Бренна взяла ее за плечи и повернула к себе лицом.

— О какой квартире идет речь?

— О квартире, которую я снимала во время учебы.

— Когда это было?

— Что? О чем ты? Говорю же, это было, когда я училась в магистратуре.

— Ах-ха! Сколько лет прошло с тех пор?

Пайпер рассмеялась.

— Ладно. Я поняла, к чему ты клонишь. Это случилось десять лет назад, а не сегодня. И то, что Мика сейчас нет рядом, это не одно и то же.

— Видишь? — Бренна поцеловала ее в щеку и тут же вытерла следы помады. — Я свое дело сделала.

— Да, но я все равно на него злюсь. — Пайпер схватила с постели ридикюль на шнурке и выключила свет в спальне. — Пойдем, не хочу опоздать на собственную казнь.


Только через долгих четыре часа после посадки в О’Хара[47] офицеры транспортной безопасности и агенты ФБР дали Мику зеленый свет возвращаться в Бостон. По всей видимости, любая неожиданная смена маршрута, означавшая отказ от второй части оплаченного перелета, обращала на себя внимание охраны.

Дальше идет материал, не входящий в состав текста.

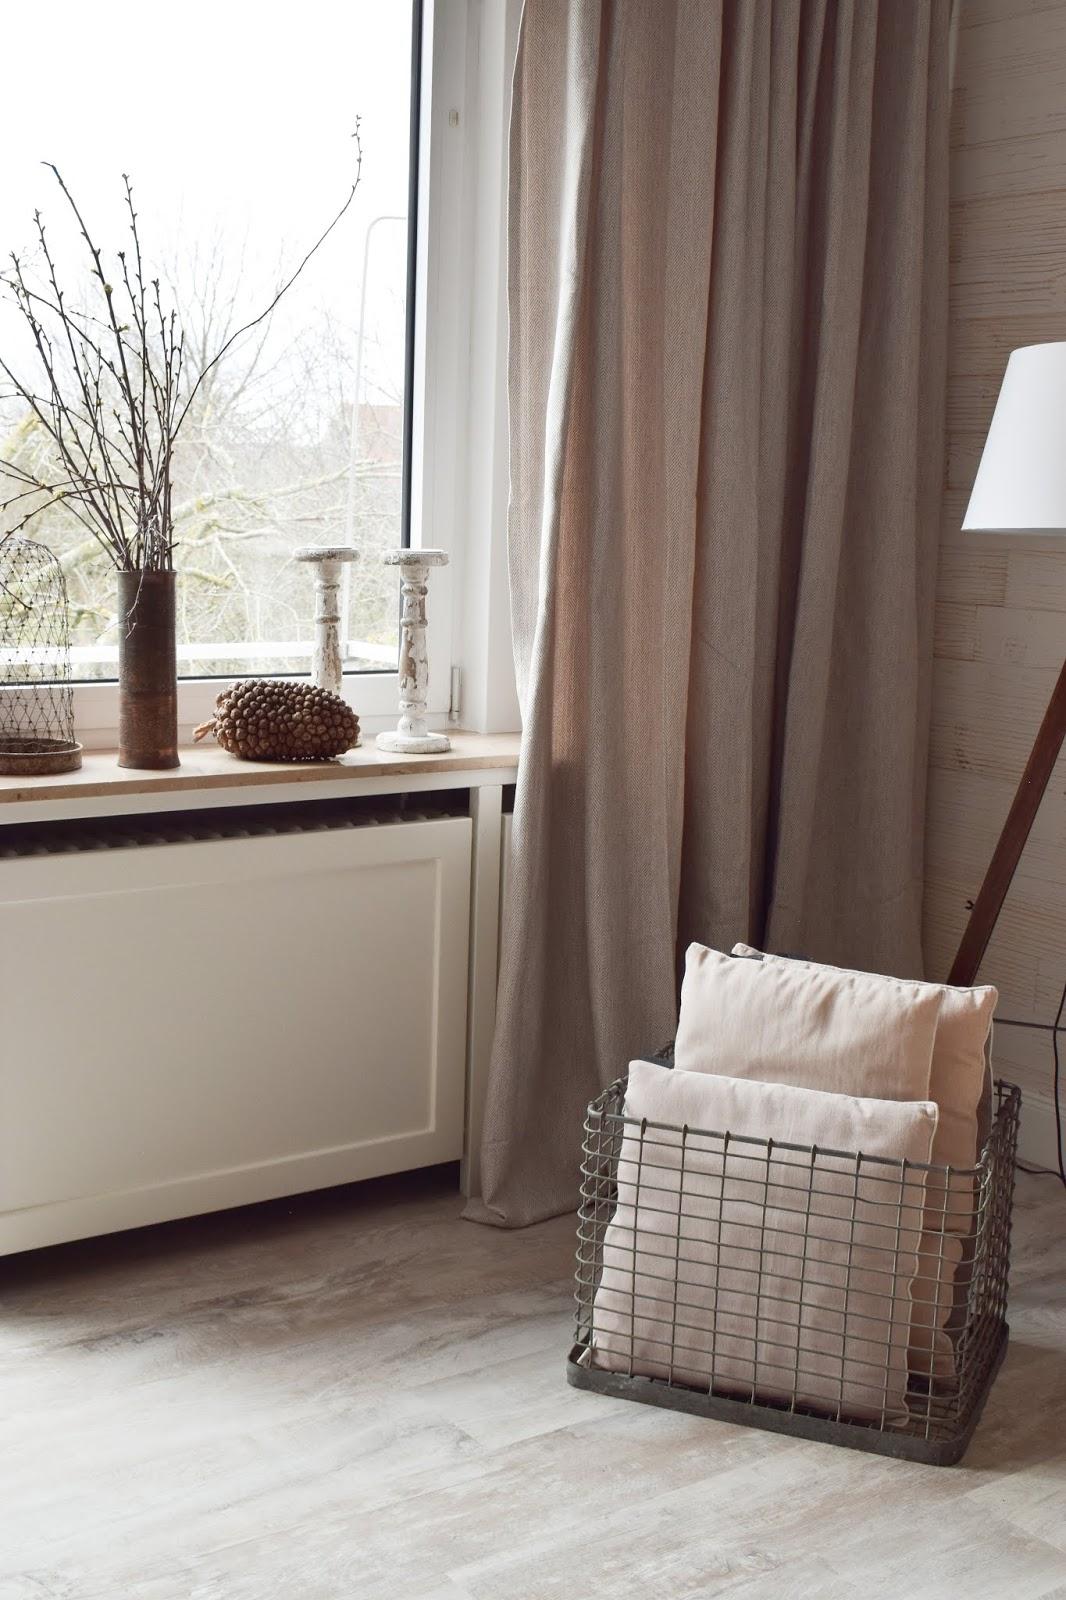 Wohnzimmer Dekoidee  Holz Wandwood Verkleidung Heizkörper Verschönerung Deko Einrichtung Renovierung renovieren DIY Selbermachen einrichten Vorhang Vorhänge

Плюс «необычная» беседа Мика со стюардессой обеспечила ему эскорт, как только он покинул борт самолета.

Первым, что он сделал, после того как его отпустили, это набрал номер Каллена. Он объяснил брату, что передумал, рассказал о стычке со службой безопасности аэропорта и пояснил, где и когда Каллен должен его встретить.

— Не забудь мои запонки, — сказал он.

— Ради бога, Магнус! Ты что, собираешься переодеваться в смокинг, пока я буду шпарить по туннелю Теда Вильямса?

— Такой был план.

Потом Мик позвонил своему агенту. Она пришла в замешательство, но согласилась связаться с «Компасом» и передать послание Мика дословно.

— По-моему, ты только что выстрелил себе в ногу, — сказала она.

Глава тридцать четвертая

Лондон


Второй день моего разбирательства начался так же, как и первый, с промозглого и серого рассвета, под стать обстановке в моей камере. Каждое мое движение отдавалось эхом в тесной комнатушке. Я чувствовала себя отрезанной от мира, отгороженной от него милями камня. С чем-то, похожим на ностальгию, я гадала, что сейчас делают Хетти и Берта.